The SPX's intraday high last week was at 3,008.29, a number that I discussed in last week's report as a potential problem area, since it is 20% above the 2018 close. A theme this year has been selling off assets that approach such year-to-date (YTD) percentage gains -- like we've seen with bonds, as represented by the iShares 20+ Year Treasury Bond ETF (TLT - 139.58) at the beginning of the month; gold, as represented by the SPDR Gold Shares (GLD - 140.46) in early September; and the SPX on two previous occasions this year.

spx 160-day chart 1020

"A couple of factors that could be supportive of stocks in the weeks ahead is the contrarian implications of low earnings expectations as we move into earnings season.

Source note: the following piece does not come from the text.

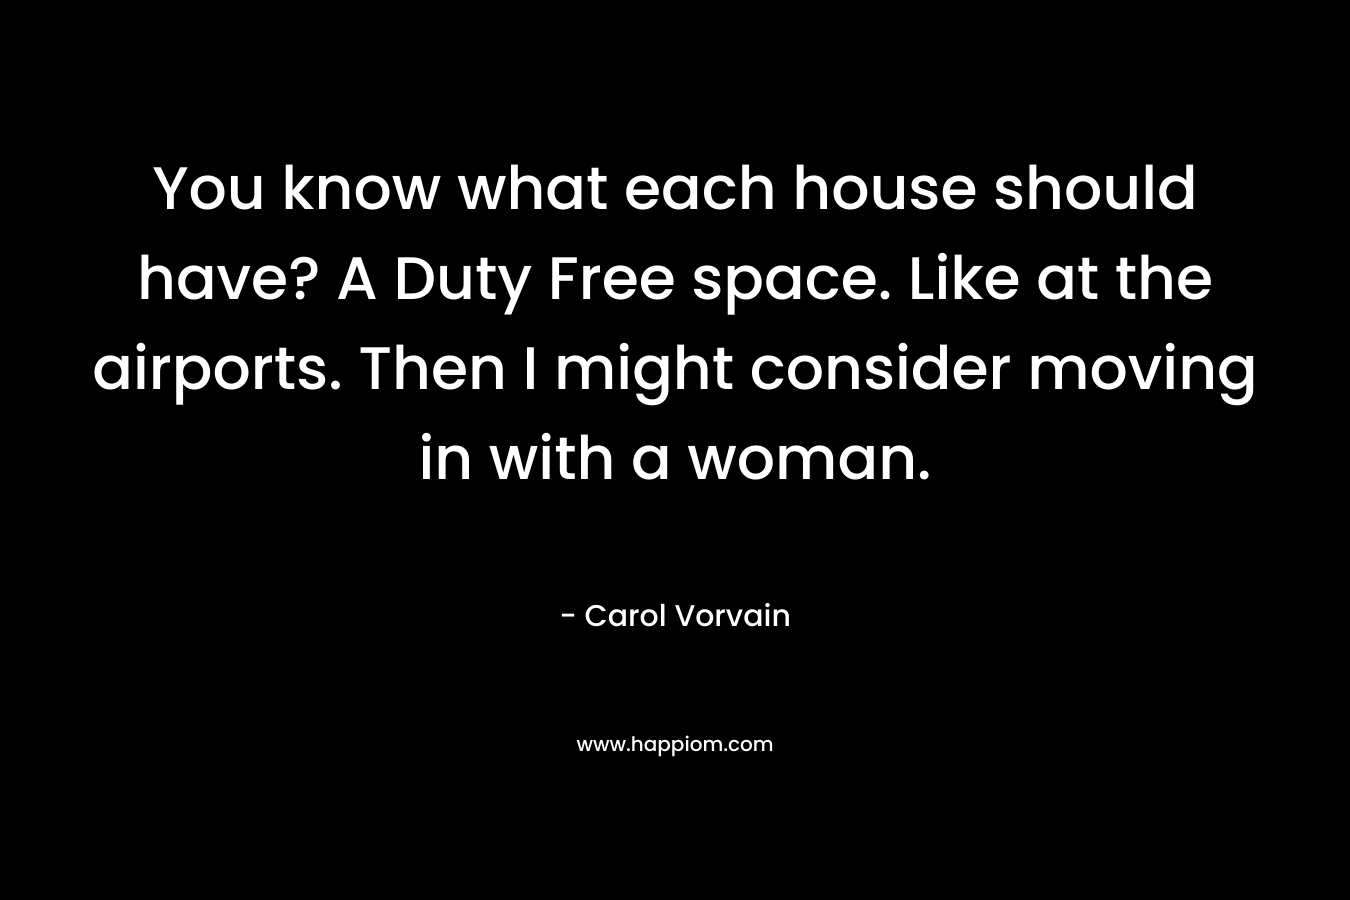 You know what each house should have? A Duty Free space. Like at the airports. Then I might consider moving in with a woman.

And, since late April, when the SPX was trading around 2,950, short interest on SPX component stocks is up nearly 11%."
-- Monday Morning Outlook, October 14, 2019

"A survey of 230 fund managers who oversee $620 billion in assets showed that many investors view the U.S.'s continuing trade war with China as the biggest risk to the market... Cash levels among fund managers rose to 5% from 4.7% last month, pushing further above the 10-year average of 4.6%."
-- The Wall Street Journal, October 15, 2019

"Corporate profits are estimated to have shrunk by 4.6% for the third quarter from a year earlier, according to a FactSet consensus of analysts' estimates. Of the 75 companies to report so far, earnings are down 4.8% from a year earlier... Companies, especially multinationals, have been blaming the dollar for hurting profit margins all year. A stronger dollar generally makes U.S. products less competitive overseas and raises the costs of converting foreign revenue back into local currency. "
-- The Wall Street Journal, October 18, 2019

Even though the SPX failed at resistance levels last week, I still see growing potential for a breakout. First, the headwind of an options-related call ceiling disappeared last Friday with October options expiration. Additionally, looking ahead to November standard expiration, it appears the major SPY call open interest is at the 305 strike, equivalent to SPX 3,050. In other words, as it stands now, the SPY call open interest ceiling is higher.

Moreover, as I said last week, the sentiment backdrop appears to be on the side of the bulls, beginning with the short-covering potential amid low earnings expectations that I discussed last week. Furthermore, fund manager cash positions are above average, even with the SPX knocking on the door of a new all-time high. A strong dollar last quarter has been blamed for a third-quarter earnings headwind -- but this may be viewed as a tailwind for next quarter. And in fact, fund managers may look to deploy cash into stocks if the weaker dollar we have seen this quarter remains weak, and potentially supportive in the final quarter of the year.

There is another sentiment factor potentially supporting a breakout. Even as the SPX has rallied strongly from the lows earlier this month, note that the 10-day, equity-only, buy-to-open put/call volume ratio has not declined significantly like it has tended to do during other rallies. In other words, the ratio remains elevated relative to last month's low that preceded a pullback in equities to start the month. Pessimism among equity option buyers that built up during the last pullback looks to have peaked, and a gradual unwinding of this negative sentiment that pushes the ratio back to historical lows would likely occur within the context of a SPX breakout to new highs.

equity bto ratio with spx 1020

If the SPX pushes above its former highs, it would be a breakout from a bullish ascending triangle pattern, with the implication being a rally of almost 10% during the next four months. The biggest short-term risk is that the SPX has not yet broken out, and is therefore sitting nearer the top of its range. If you are bullish now, you're betting on a breakout -- but you do have sentiment factors supporting you.

Todd Salamone is Schaeffer's Senior V.P. of Research.